The invariant key access was borrowed from Merb’s Mash, which had the following comment on top of the file.
This class has dubious semantics and we only have it so that people can write
params[:key]
instead ofparams['key']
.
This warning was ignored, and became the first thing to be removed from Hashie::Mash
. A lot of new features, such as method access, were added instead.
def method_missing(method_name, *args)
if (match = method_name.to_s.match(/(.*)=$/)) && args.size == 1
self[match[1]] = args.first
elsif (match = method_name.to_s.match(/(.*)\?$/)) && args.size == 0
key?(match[1])
elsif (match = method_name.to_s.match(/(.*)!$/)) && args.size == 0
initializing_reader(match[1])
elsif key?(method_name)
self[method_name]
elsif match = method_name.to_s.match(/^([a-z][a-z0-9A-Z_]+)$/)
default(method_name)
else
super
end
end
def default(key = nil)
if key.is_a?(Symbol) && key?(key.to_s)
self[key]
else
key ? super : super()
end
end
The new Hashie::Mash
was born as a pure example of Ruby metaprogramming. Some really smart people pitched in on Mash
, including @mbleigh and @hassox, authors of Grape and Warden respectively. We were winning!

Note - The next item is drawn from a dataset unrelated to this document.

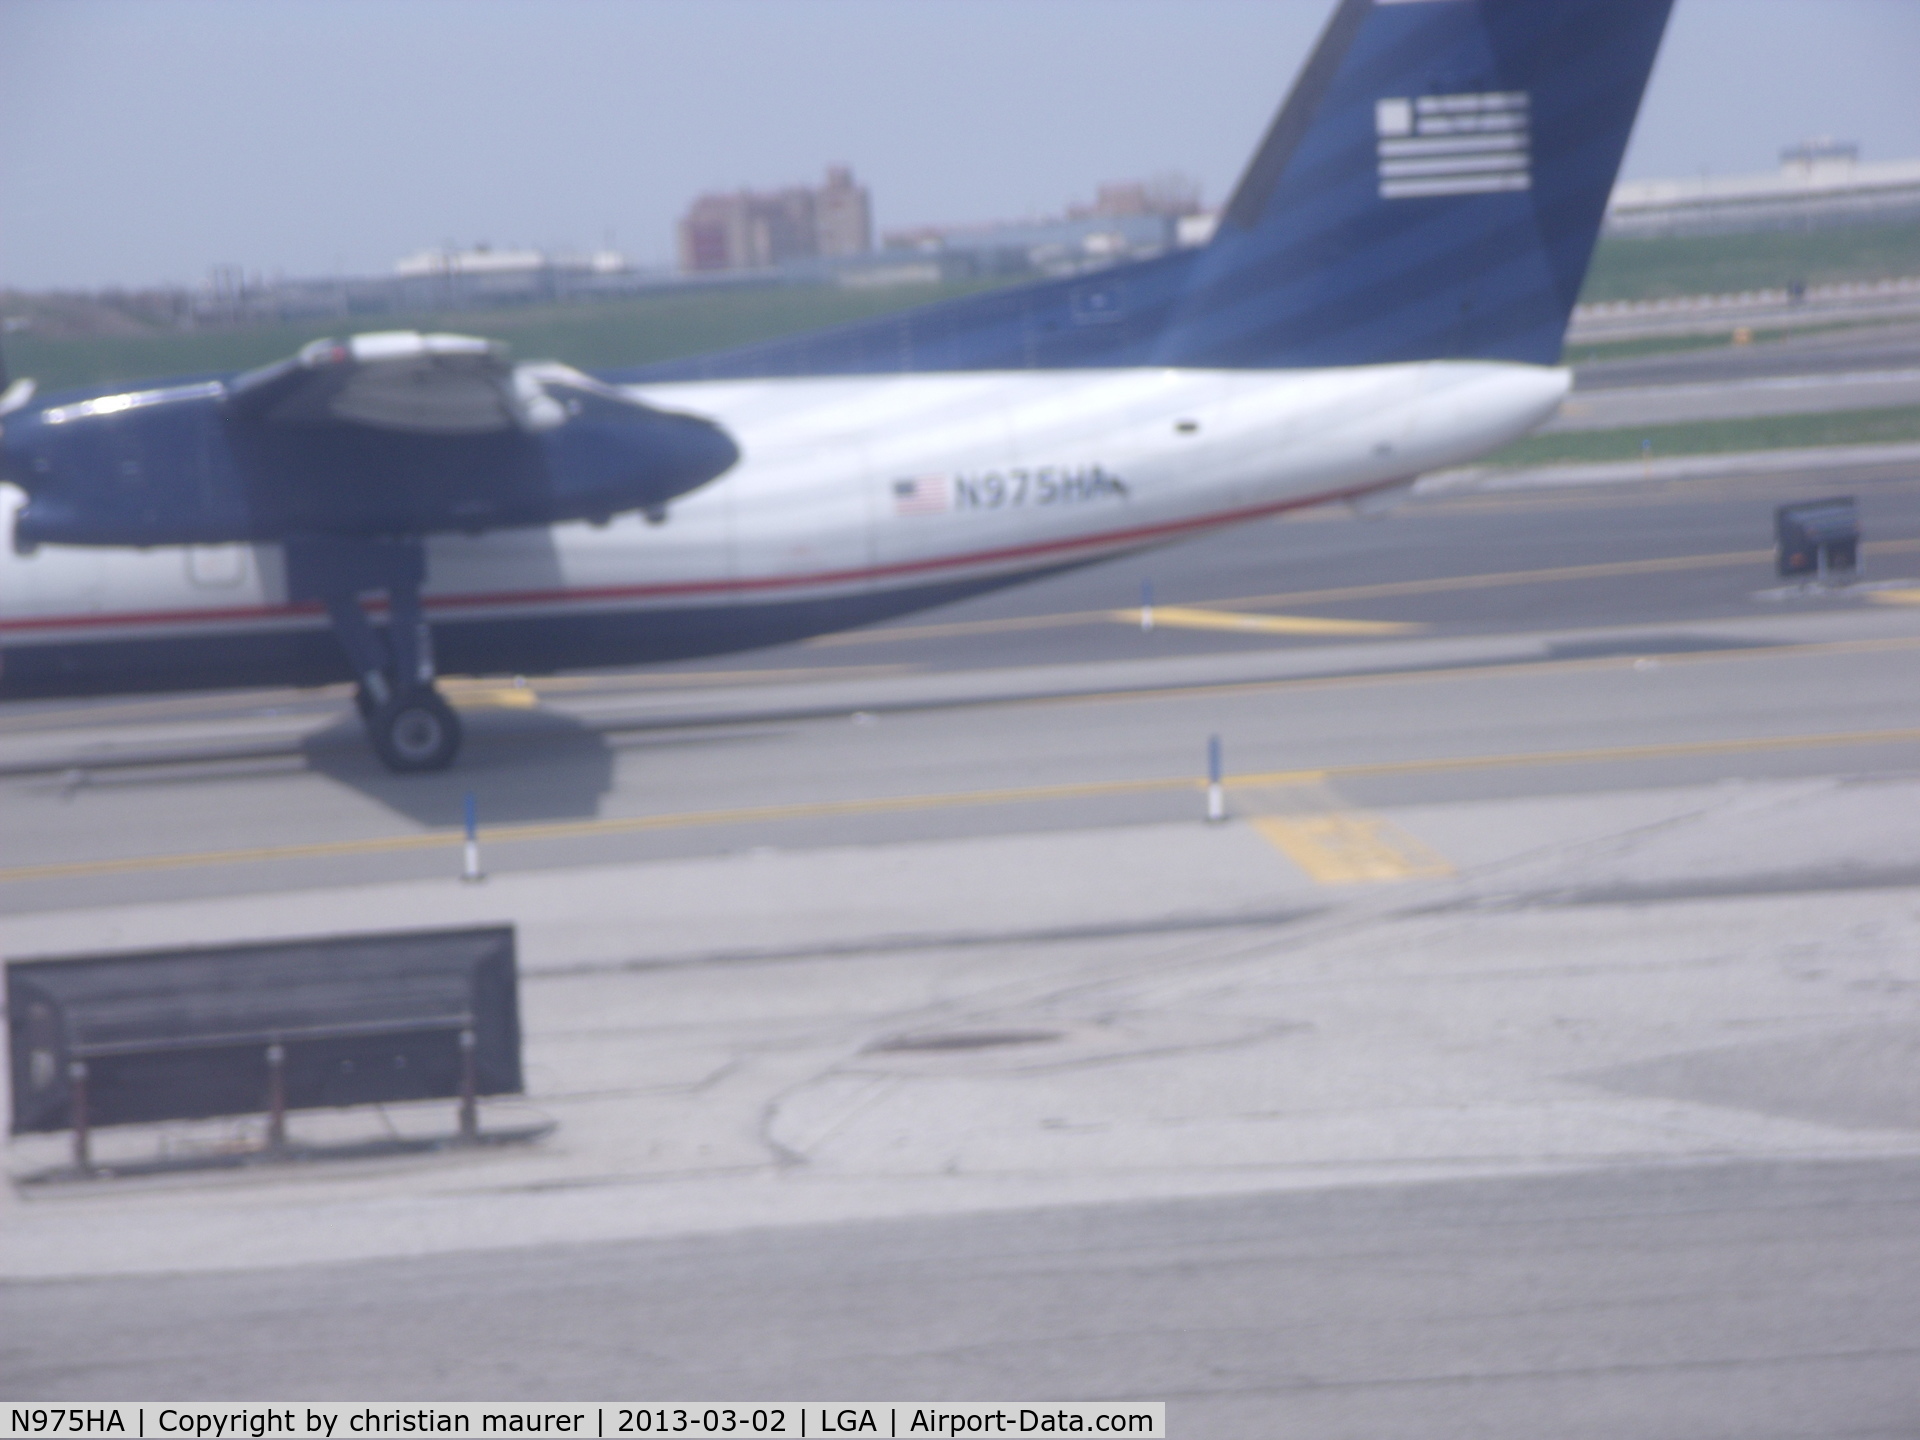 N975HA, Boeing DHC-8-102 C/N 176, US AIRWAYS EXPRESS DASH-8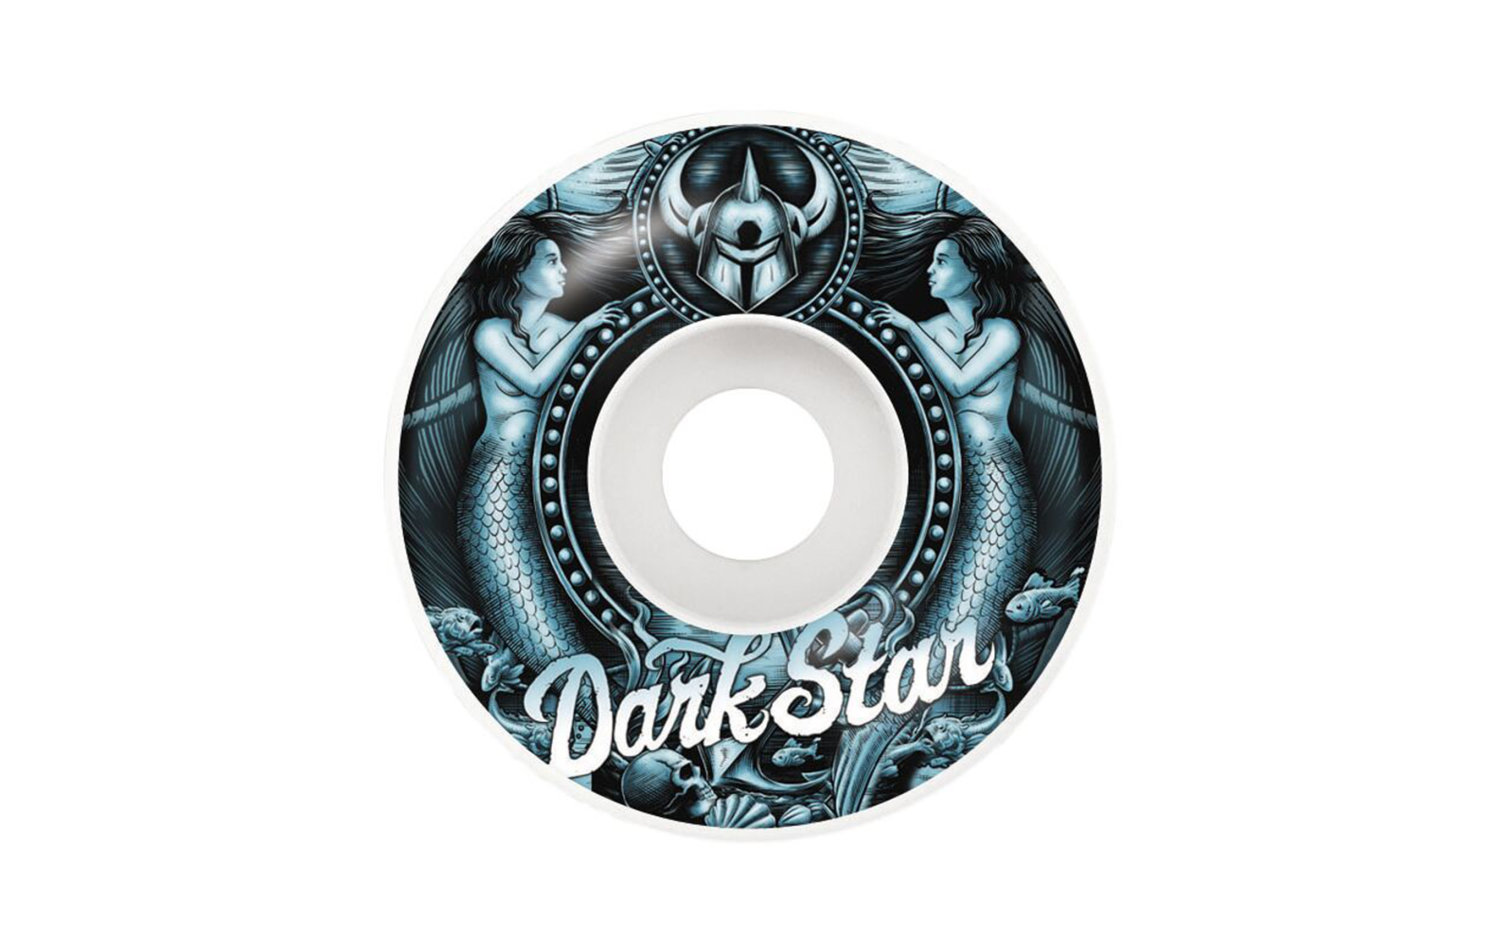 Darkstar Mermaid Wheel 53mm (10112313)

There were only small challenges in the early days of Mash
, such as overwriting nil values, having to figure out how to convert a Mash
to Hash
, preserving sub-mashes in conversion, or making to work with to_json
. Nothing that couldn’t be easily fixed with a bit of code. More features were added, including shallow updates by @mislav, author of rbenv and will_paginate. Everybody who is who in the Ruby world wanted a bit of Hashie::Mash
action!
But what could go wrong when you suddenly overrode id
? Ruby 1.8 had an Object#id
method that was called when the Mash didn’t have an id
key. This caused unexpected failures, since there was no id key-value, but Mash was still returning a value. Same went for type
. So this change got undone in #77, with a nice warning in the documentation (that everybody naturally read).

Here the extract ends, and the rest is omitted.